VPNs can also bypass geographical restrictions. There are many US news sites that haven’t sorted out their EU policies and just block any EU user from accessing their web sites.

NordVPN offers 5,200 endpoints across 62 countries and 6 continents for a very low monthly price based on annual payment. And they also offer dedicated IP facilities where ISPs cannot

I’ve not been a big user of VPNs until now. But there is one big advantage of using a VPN service. And not all of them offer this particular feature: a dedicated IP. In my job (and as my hobby, running this server), having a dedicated IP makes it much easier to lock down a server and access it from specific IP addresses. IPv6 doesn’t seem to be making the kind of impact it should be these days which would make it much easier for ISPs to give each user a dedicated IP. Sky, my current provider, used to do this – but they then withdrew the service by the time I came back to them from Virgin.

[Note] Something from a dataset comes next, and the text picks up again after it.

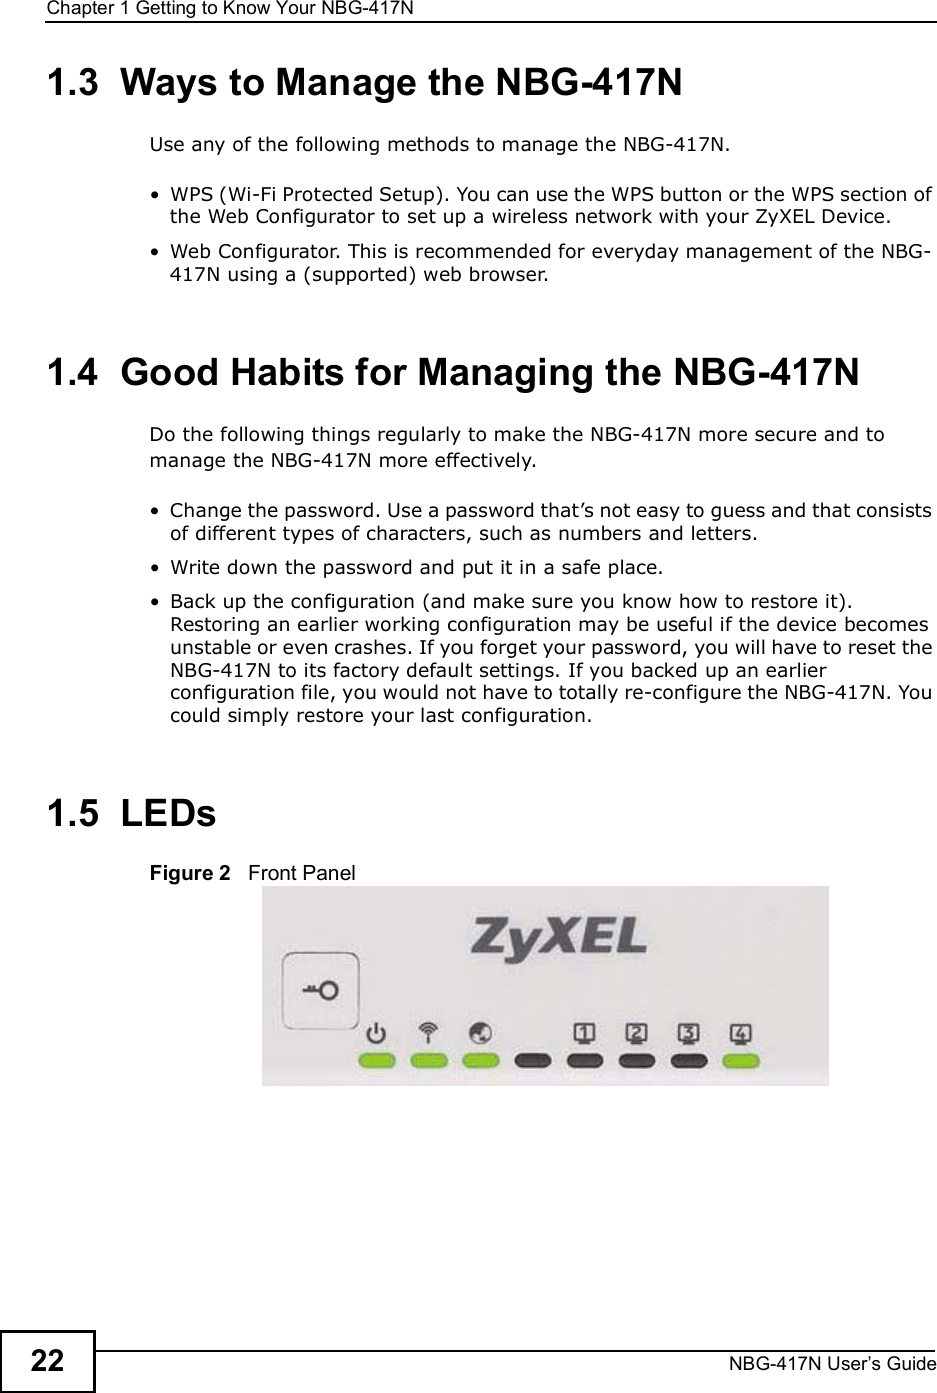 Chapter 1Getting to Know Your NBG-417NNBG-417N User s Guide221.3  Ways to Manage the NBG-417NUse any of the following methods to manage the NBG-417N. WPS (Wi-Fi Protected Setup). You can use the WPS button or the WPS section of the Web Configurator to set up a wireless network with your ZyXEL Device. Web Configurator. This is recommended for everyday management of the NBG-417N using a (supported) web browser.1.4  Good Habits for Managing the NBG-417NDo the following things regularly to make the NBG-417N more secure and to manage the NBG-417N more effectively. Change the password. Use a password that!s not easy to guess and that consists of different types of characters, such as numbers and letters. Write down the password and put it in a safe place. Back up the configuration (and make sure you know how to restore it). Restoring an earlier working configuration may be useful if the device becomes unstable or even crashes. If you forget your password, you will have to reset the NBG-417N to its factory default settings. If you backed up an earlier configuration file, you would not have to totally re-configure the NBG-417N. You could simply restore your last configuration.1.5  LEDsFigure 2   Front Panel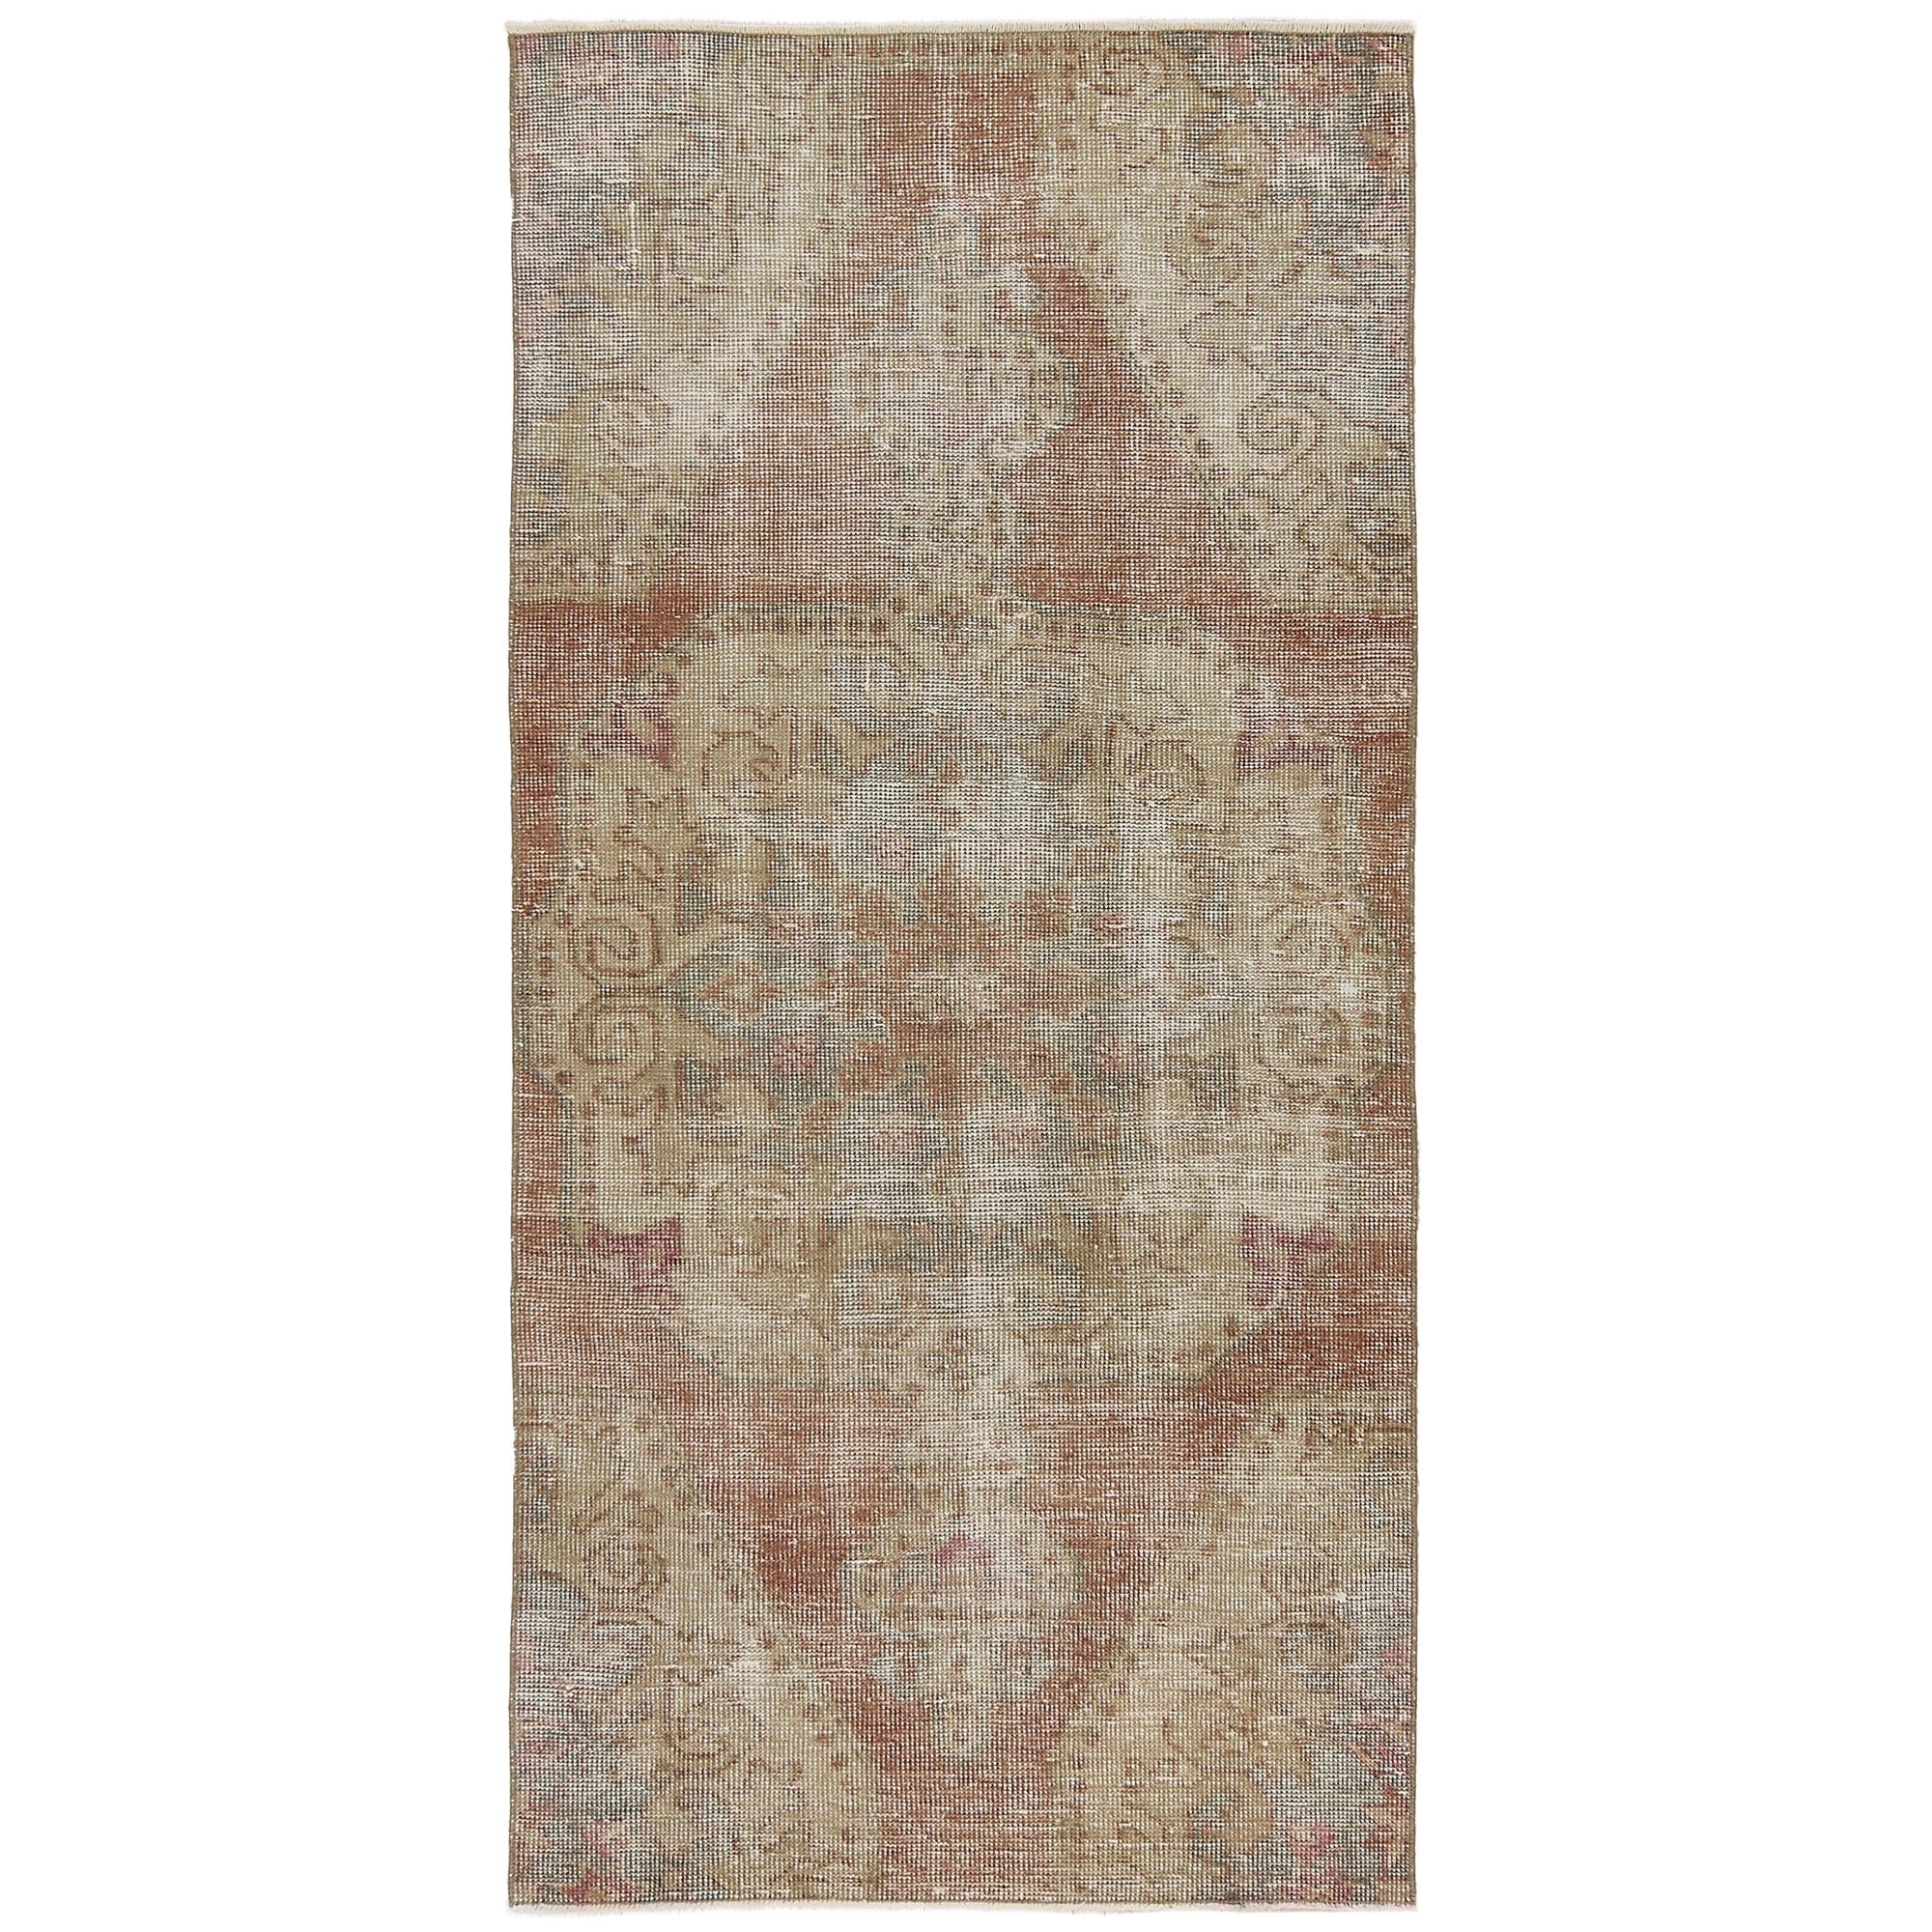 Aria's Charm | Authentic Turkish Rug | Hand-Knotted Carpet | Kuden Rugs

I picked NordVPN for my VPN service. They’ve been advertising quite a bit on UK TV, and have had some very good reviews. I tested them out a couple of times via iTunes subscription, but have now committed to three years (paid up front) for around £100 (including VAT). Their dedicated IP service costs an extra £66 a year, but it allows me to use my own OpenVPN client across any device (so it’s on my iPhone and iPad Pro as well as my Mac). So far it’s been extremely useful, and most importantly, reliable.

I can still use my regular NordVPN account with random servers (they have over 5,200 servers (or endpoints) across 6 continents and 62 countries. They provide their own VPN client which makes it very easy to select different countries (and servers within those countries) along with speciality servers such as Onion over VPN.

Support is good, with live chat available. Most problems are easily fixed through the chat. It took a couple of days to set-up the dedicated IP, but that’s to be expected.

The only problems I’ve encountered with using NordVPN overall is that some WAF/CDNs tend to flag the IPs from some of the hosting providers that NordVPN as potential troublemakers. There were a number of occasions connected via a non-dedicated IP connection where “Access denied” popped up from an Akamai hosted site, and WordFence – a popular WordPress security plugin – also seemed unhappy with the IP I was using.

The problem is that with VPN connections, they will appear to come from a dedicated hosting company rather than an established broadband ISP. This can potentially have a negative impact as, in my line of business, this can potentially be flagged up as a potential bad actor or a bad crawler/robot – hence Akamai and WordFence’s response.